PhD Defence • Computational Linguistics | Artificial Intelligence • A Knowledge Representation for, and an Application to Requirements Elicitation of, Rhetorical Figures of Perfect Lexical Repetition

Friday, November 7, 2025 2:00 pm - 5:00 pm EST (GMT -05:00)

Please note: This PhD defence will take place in DC 2310 and online.

Yetian Wang, PhD candidate
David R. Cheriton School of Computer Science

Supervisors: Professors Daniel Berry, Grant Weddell

Rhetorical figures, such as rhyme and metaphor, affect human discourse by providing essential semantic and pragmatic information that generate a set of attentional effects such as salience, aesthetic pleasure, and memorability, that enhance the receiver’s attention. Ploke is one kind of rhetorical figure, that of perfect lexical repetition, which is a word or phrase that repeats with the same form and meaning in a passage. Rhetorical figures, including plokes, are largely ignored in natural language processing (NLP) and artificial intelligence (AI).

This thesis aims to take two steps towards AIs’ being able to handle plokes as they occur in natural language.

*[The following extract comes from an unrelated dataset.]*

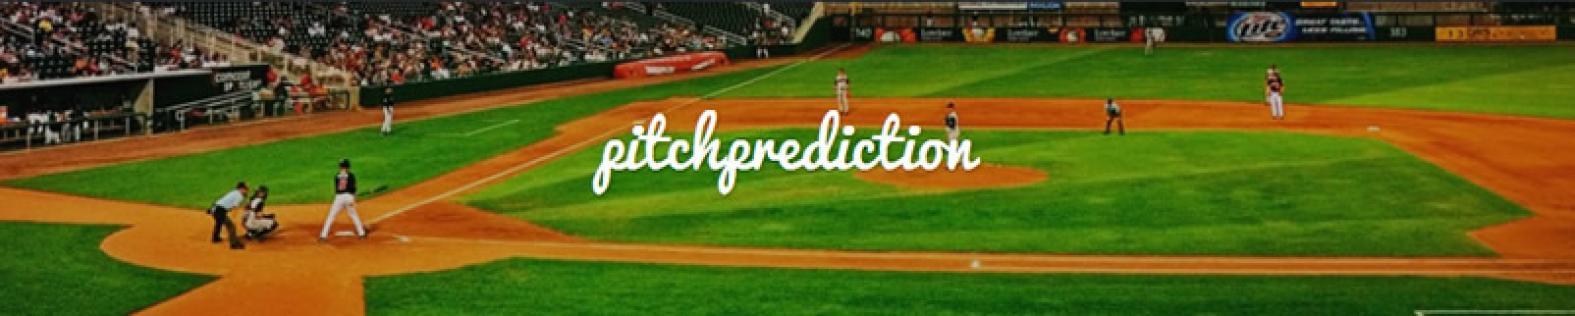 pitchprediction.jpg

It first develops a knowledge representation model of the general concept of Ploke in the form of an ontology that represents the classification of Ploke, the forms of plokes, and the neurocognitive affinities that affect attention. This ontology will help AIs to understand and generate plokes. The ontology proposed in this thesis is able to represent the related knowledge of ploke and its subtypes. The ontology is able also to represent the neurocognitive affinities of ploke and its subtypes by representing their relations to various types of perfect lexical repetition characterized by the positions in which the repetitions occur. After observing that rhetorical figures are used to enhance persuasive discourse, the thesis hypothesizes that a requirements elicitation interview that uses plokes is more effective than one that does not. It then describes a test of this hypothesis in which the interviews were conducted by a simulated AI elicitation bot, which used some plokes in half of its interviews and avoided plokes entirely in the other half of its interviews. The experiment showed that the interview questions and statements conveyed by the simulated AI elicitation bot in its ploke-using requirements elicitation interviews were easier to recognize by the interviewees and were more memorable to them than those in its ploke-avoiding requirements elicitation interviews.


To attend this PhD defence in person, please go to DC 2310. You can also attend virtually on Zoom.